Humanoid robots, however, are not only applied as “fiotherapists” in rehabilitation and physical training contexts; recently in many cases humanoid robots have been adopted for their modularity of interaction and can be used both to decrease apathy and for fun and also to support some learning activities and memory reinforcement. 

In this regard, let’s talk about the second project that sees the application of the humanoid robot Nao with subjects presenting Alzheimer’s disease. In this context, the humanoid robot Nao is employed as an entertainment tool and a vehicle for games and cognition support.

The project took place in Italy at Il Paese Ritrovato in Monza, a small town where people with Alzheimer’s lead a normal life, feeling at home while receiving the necessary attention. 

“A real place that wants to slow down cognitive decline and minimize disabilities in daily life, offering the resident person the opportunity to continue to live a rich life appropriate to their abilities, desires and needs.”

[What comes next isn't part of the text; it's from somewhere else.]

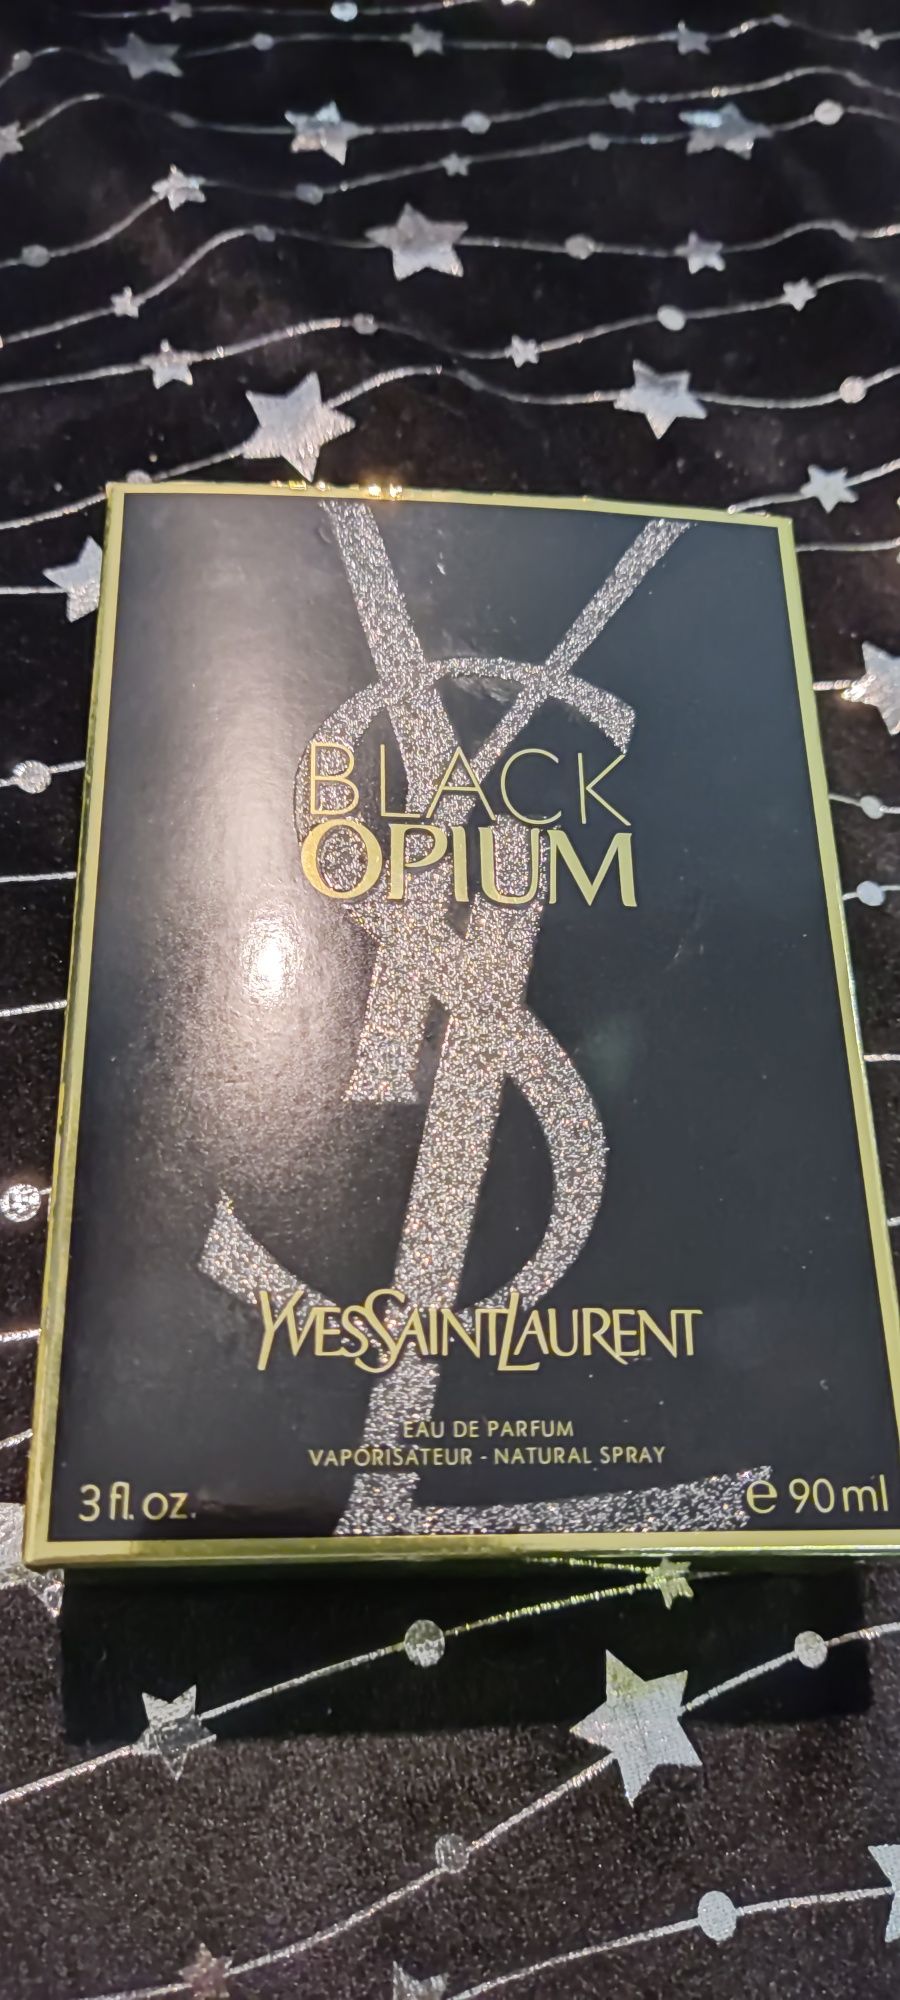 Black opium 90 ml wysyłka olx

The goal of the project was to provide the residents of the Paese Ritrovato with play activities, cognitive support workshops and smart games made with the humanoid robot Nao.

The recipients of the project were the residents of Il Paese Ritrovato, who together with the operators, therapists and psychologists carried out various types of group activities. The activities included phases of knowledge and verbal dialogue between residents and games including: Guess the animal, Finish the proverb, Sing, Remember some recipes and exercise activities.

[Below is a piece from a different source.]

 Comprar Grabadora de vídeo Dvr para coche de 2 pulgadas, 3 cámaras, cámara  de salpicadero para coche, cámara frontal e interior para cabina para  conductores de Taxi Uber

At the end of the first phase of experimentation, as reported by the Dramatherapist Paola Perfetti who attended the activity sessions with the residents: “The impact with the residents has been positive since the moment we took it out of the box in front of them. We can define it as a character who creates well-being, so nice that even the operator who accompanies it is nice. Nao is able to stimulate new experimentation, not only in a group work but also individually, he is able to strengthen the relationship between the resident and the operator. Nao is the medium, the emotional mediator. The residents of Il Paese Ritrovato see it as funny, they see it as human, and that fosters interaction.”

We well understood that the use of new technologies and humanoid robots to support frail and elderly users has produced excellent and encouraging results for future applications.